In 2016, Timothy Dye, a professor of public health sciences at the University of Rochester, traveled with a team to Puerto Rico to help local medical personnel deal with a Zika epidemic. In the process, they interviewed residents on their attitudes and living conditions, ending up with a voluminous amount of data.
Unlocking big data
A Newscenter series on how Rochester is using data science to change how we research, how we learn, and how we understand our world.
When they returned home, Dye approached Jiebo Luo, an associate professor of computer science at Rochester who specializes in machine learning, data mining, and biomedical informatics. “Our operation is involved in converting research findings into applications, and that means making sense of massive amounts of data” says Dye. “We knew Jiebo Luo was the right person for the job.”
Dye and Luo are just two of the more than 40 faculty members from across the University whose research either relies on or furthers the new and fast developing field of data science. To harness their strengths, and facilitate collaborations such as the one between Dye and Luo, the University launched the Goergen Institute for Data Science in 2016.
The institute is part of a $50 million investment by the University in the new field. Located in the state-of-the-art Wegmans Hall, it serves as a hub for research, education, and external partnerships. So far, 14 new faculty have been hired in areas in which data science plays a critical role, including bioinformatics, biomedical engineering, brain and cognitive sciences, business and economics, computer science, mathematics and statistics, physics, and political science.
Henry Kautz, the Robin and Tim Wentworth Director of the institute, notes that Rochester enjoys strengths in both faculty and technological resources. “The University brings considerable assets to the new field of data science, including the IBM BlueGene/Q supercomputer and the expertise in our Department of Computer Science,” he says. “Plus, the VISTA Collaboratory allows researchers to visualize and analyze massive data sets in a 1,000 square-foot laboratory.”

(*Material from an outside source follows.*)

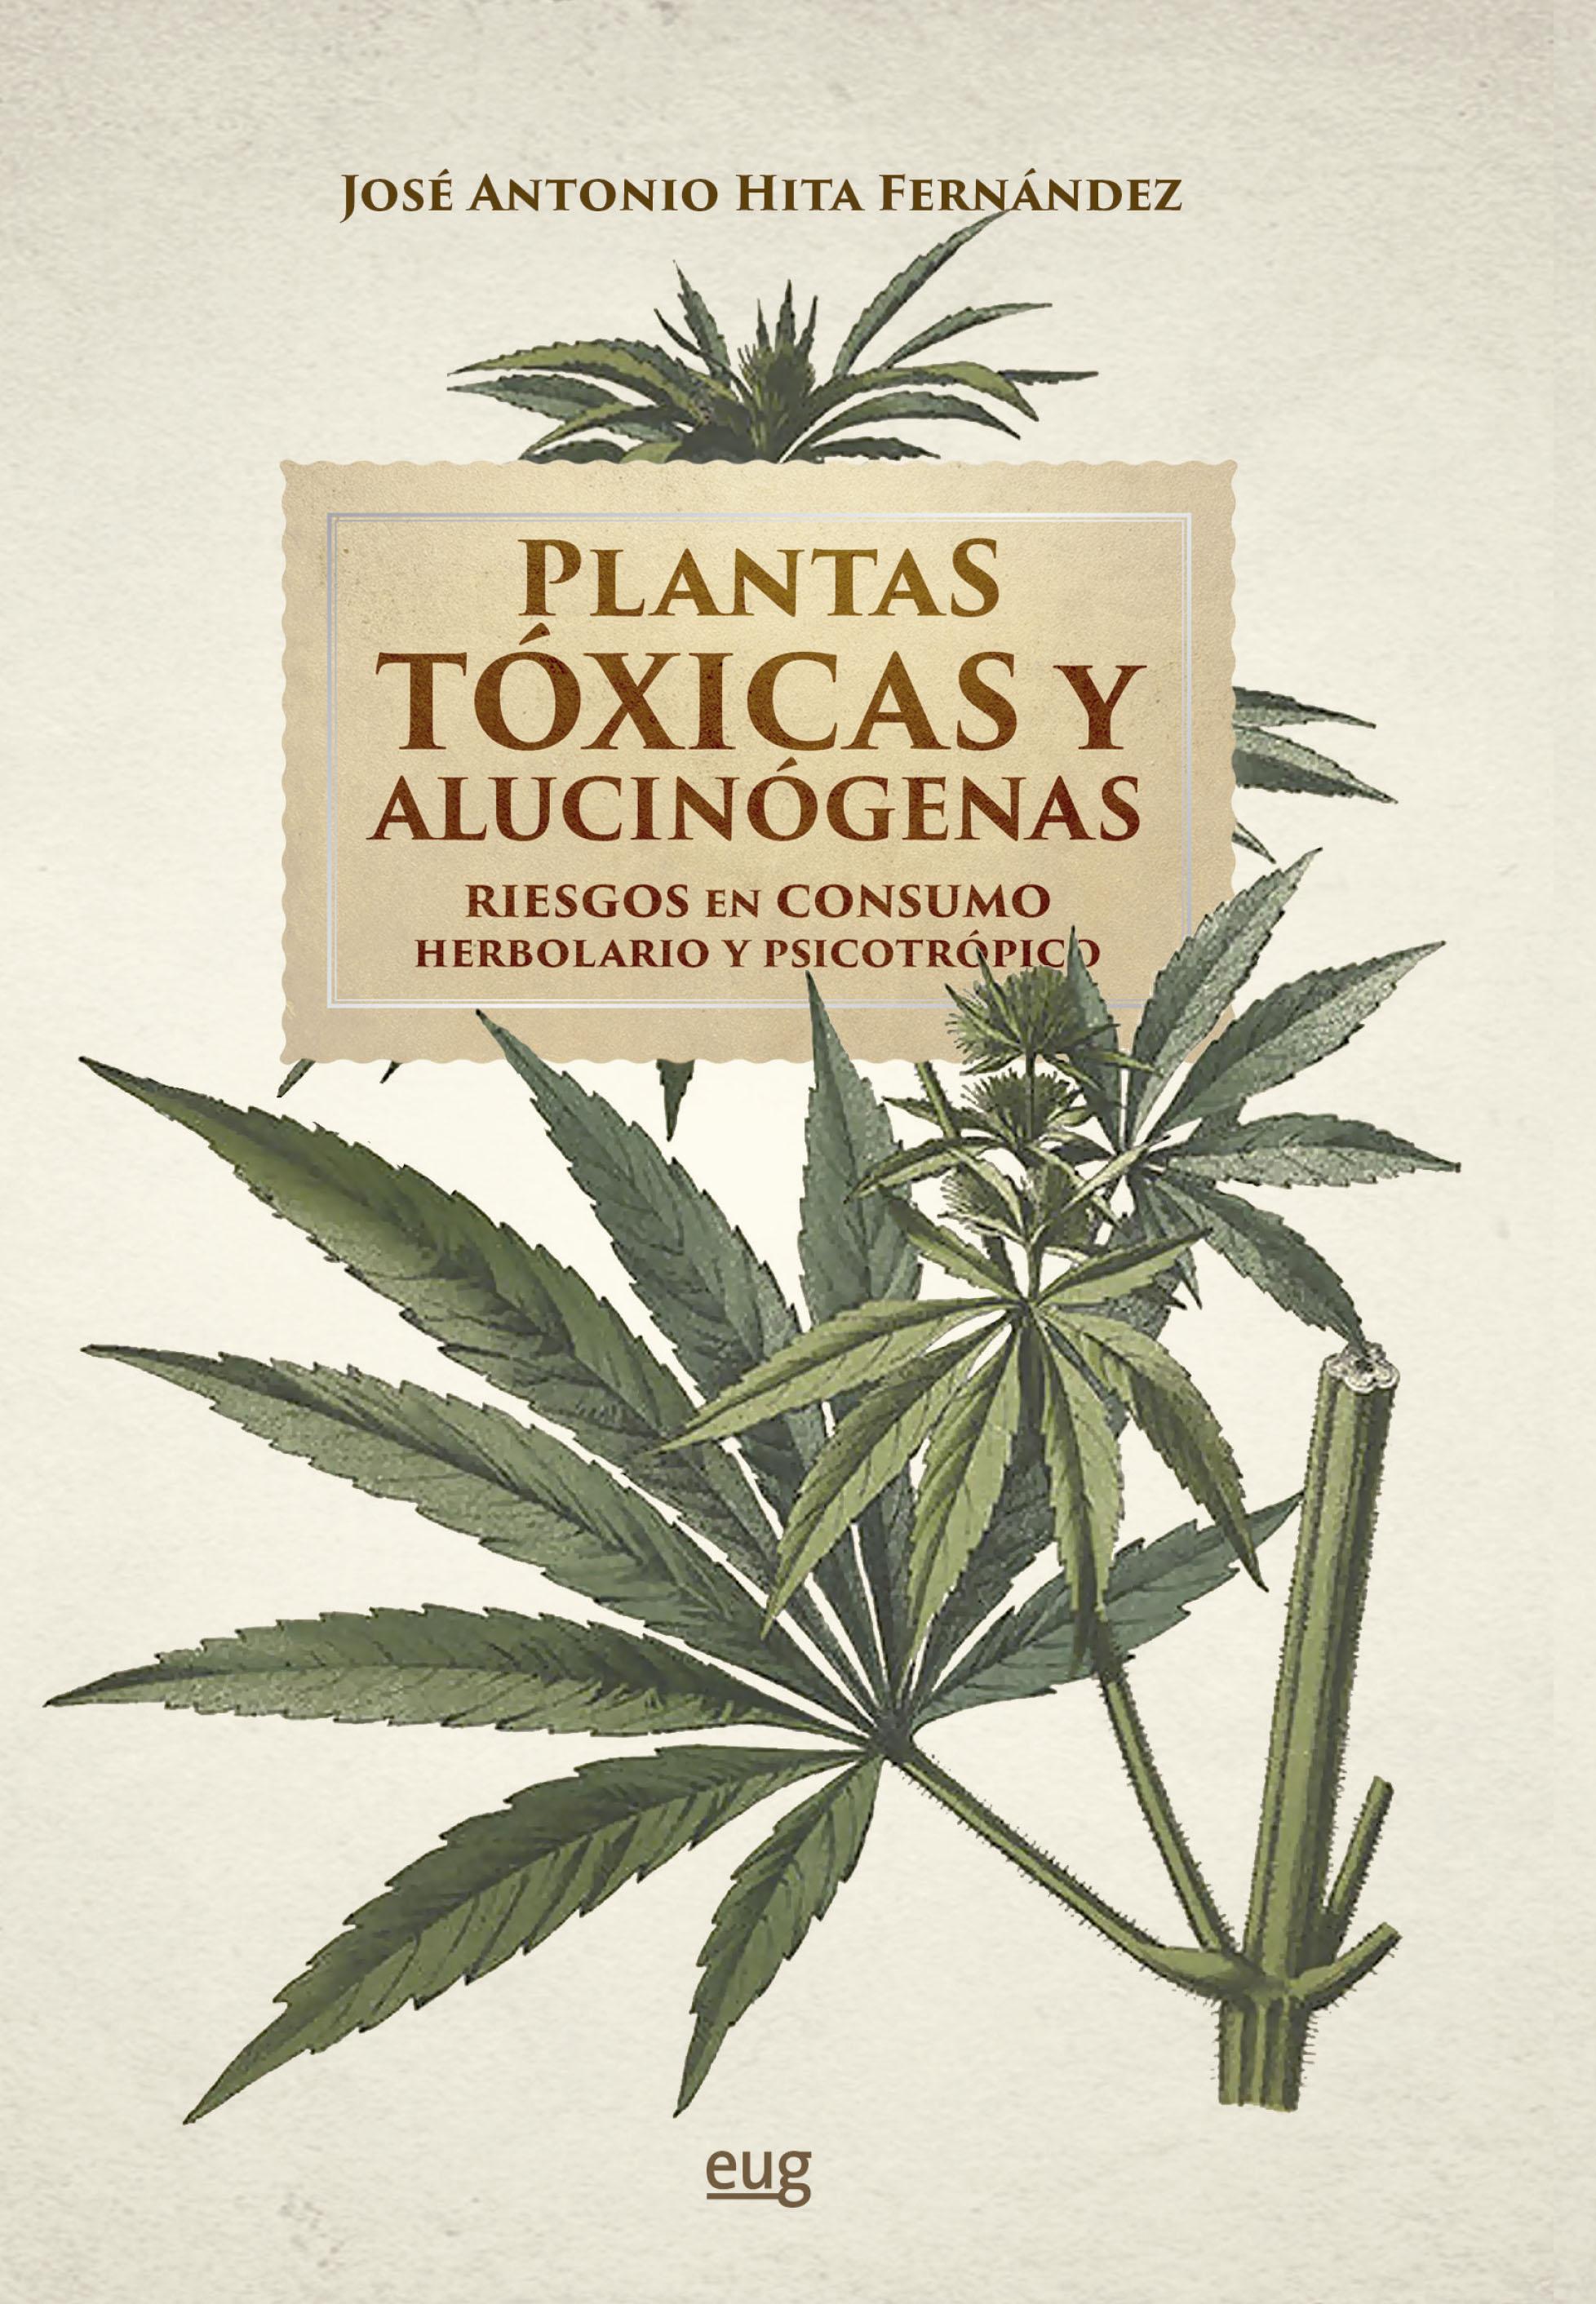 Plantas tóxicas y alucinógenas   «Riesgos en consumo herbolario y psicotrópico»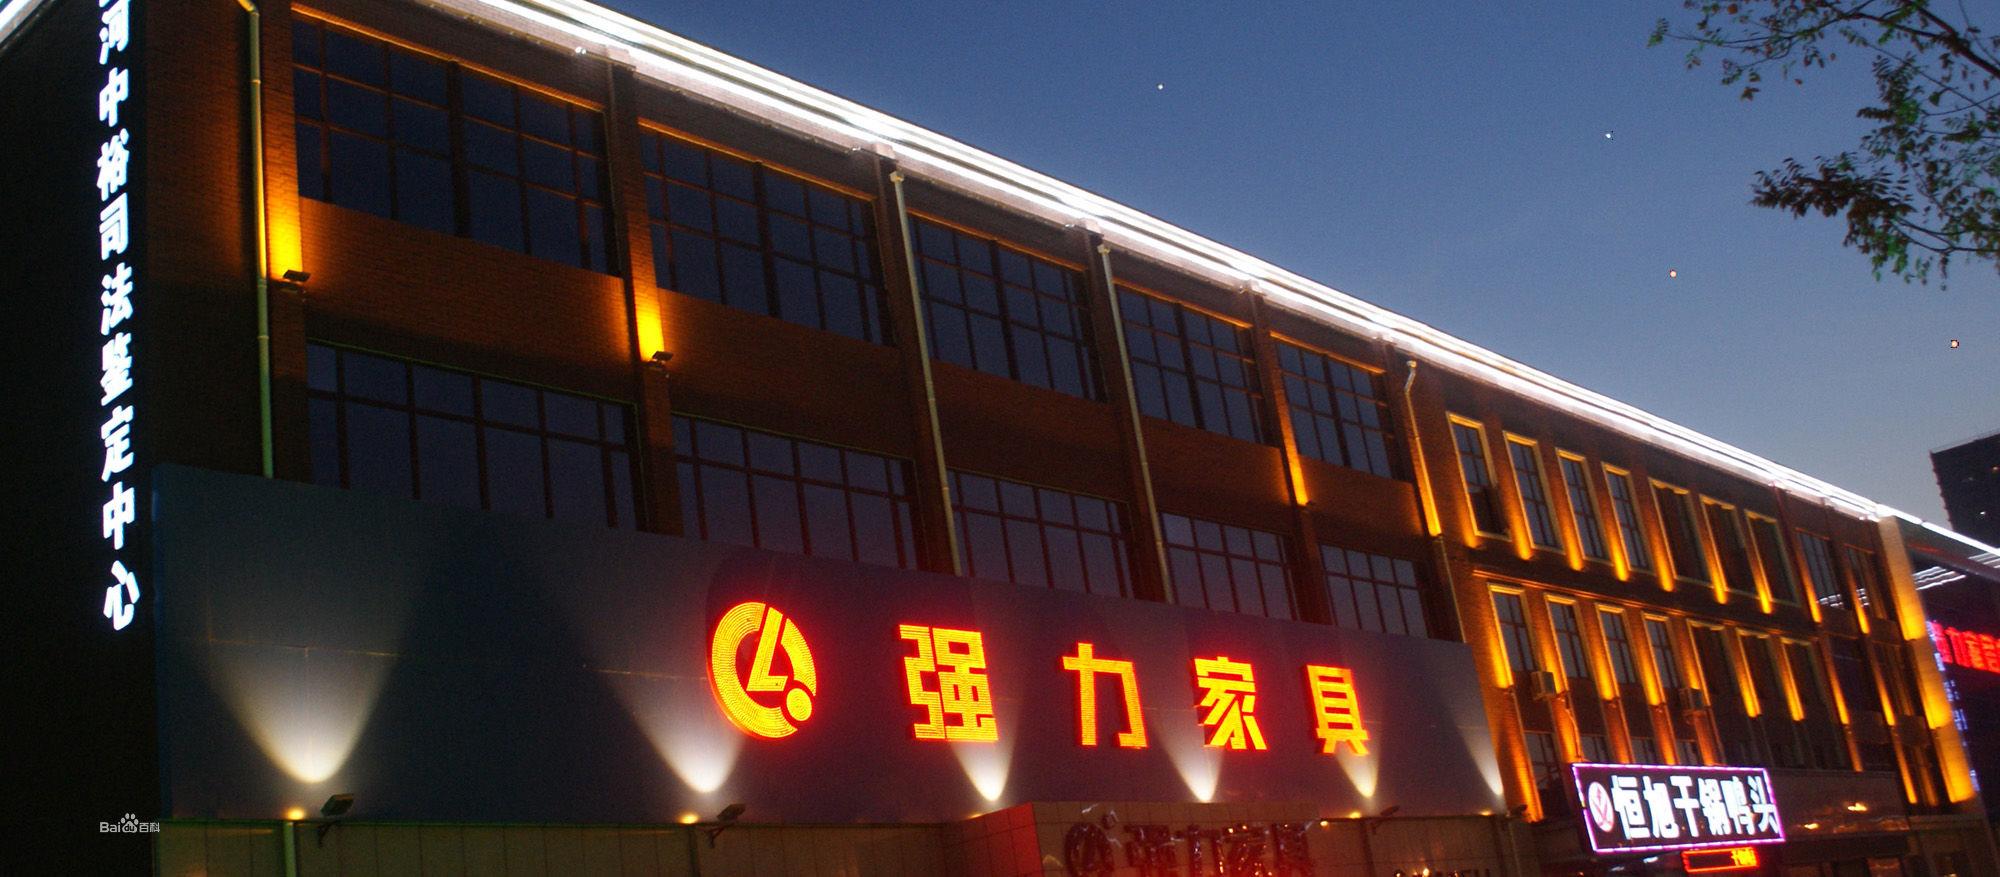 北京西城亮化工程公司北京西城亮化工程公司哪家好 北京楼宇亮化工程

External partnerships make up another main focus of the institute. Scott Steele, deputy director of the institute, says, “We’ll collaborate with virtually anyone who needs to make sense of tremendous amounts of data.”
The institute serves as a resource for companies and organizations in a range of fields, including retail, medical, science, and law enforcement. While those partners will gain valuable insights to help their operations, relationships benefit the University, as well.
“The collaborations give our faculty opportunities to apply—and even advance—their research in real-world settings,” says Steele. “And each partner is required to take on at least one of our students as an intern to help with the project.”
Bob Maybee, the vice president of customer insights at Wegmans Food Markets, says Wegmans has taken on two interns to help the company use processed data to better serve its customers.
“The opportunity to work with the institute is invaluable, not only to Wegmans, but to the interns we have working on these projects,” he says. “We have been able to explore new data models through the eyes of talented young people who bring a new perspective. They, in turn, get to apply what they have learned, while building relationships and experiencing real-world business interactions.”
Research that relies on solid data science can upend common assumptions, leading to better business strategies and, in a public health crisis such as a disease epidemic, better policies.
Using recorded interviews from Dye’s team, Luo is now working on a voice-recognition program that will efficiently provide valuable information about public attitudes, and give medical personnel a clearer picture of the physical environments in which the local populace live.
“In Puerto Rico, health officials were warning people about the presence of used tires that gather water and provide a breeding ground for mosquitos,” says Dye. “We found that tires weren’t a problem, at all. Instead, the people typically had planters that filled with water and attracted mosquitos. Consequently, the advice from the health officials was meaningless.”
As Dye and his team collect more Zika-related data from under-developed regions of the world, the algorithm used in Luo’s software will only continue to improve.